Apple Vision Pro Sales Stalling
The Apple Vision Pro arrived in Australia in July with a hefty retail price tag starting from A$5,999. Like many of the other markets where it has launched, here too it has largely failed miserably to attract consumer attention.
The Vision Pro is struggling to attract major software-makers to develop apps for the device. There has been a progressive slowdown in new apps coming to the Vision Pro each month.
Only 10 apps were introduced to the Vision App Store in September, down from the hundreds released in the first two months of the device’s launch, according to analytics firm Appfigures.
Appfigures has counted around 1,770 apps available for the Vision Pro in the App Store as of September. Only 34 per cent of those apps are believed to be built specifically for the Vision Pro, while the rest are versions of existing Apple apps that have additional Vision Pro functionality.
Apple, meanwhile, said in August that there are more than 2,500 apps built for the Vision Pro.
For comparison, other Apple products had tens of thousands of apps built for them within months of their launch. Nearly a year after the 2008 launch of the App Store for the iPhone, Apple said it had 50,000 apps. The Apple Watch, meanwhile, had 10,000 apps around five months after its debut.
The company doesn’t disclosed sales figures for the Vision Pro, but analysts have shared some insights. Apple cut its first year Vision Pro shipments to between 400,000 and 450,000, down from between 700,000 and 800,000 units, according to supply chain analyst Ming-Chi Kuo in April, reported the Wall Street Journal.
In the second quarter this year, Vision Pro sales plunged 80 per cent from the first quarter, according to Counterpoint Research.
Also, a large number of initial buyers reportedly returned the device within the two-week window that Apple allows for a full refund, found the research firm.
While Apple is floundering with its headset, Meta seems to have found a rhythm with its AR/VR gear.
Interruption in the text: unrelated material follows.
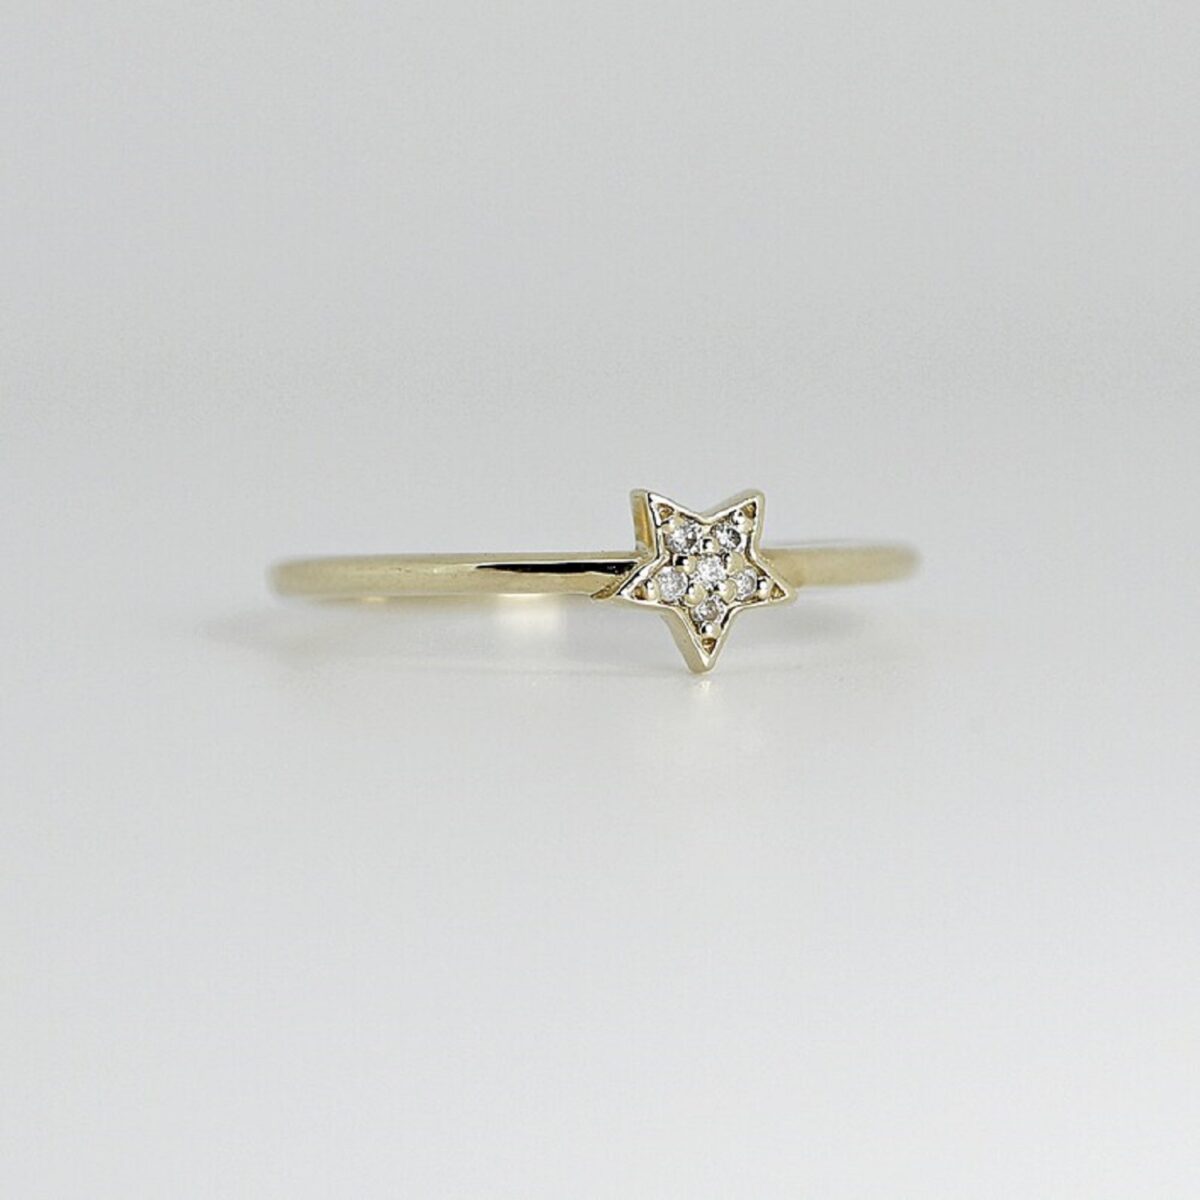 Unique star shaped round cut lab grown diamond statement ring in 14k yellow gold.

Last month, it announced the Quest 3S headset – now available in Australia at a starting price of A$499.99 – which is thousands of dollars less than Apple’s offering.
Recently, as ChannelNews reported, Meta also showed off its AR glasses prototype Orion that weighs less than 100 grams, has a wide field of view, and sharp holographic displays. The display doesn’t use passthrough — what the wearer sees is the real physical world with holograms overlaid onto it.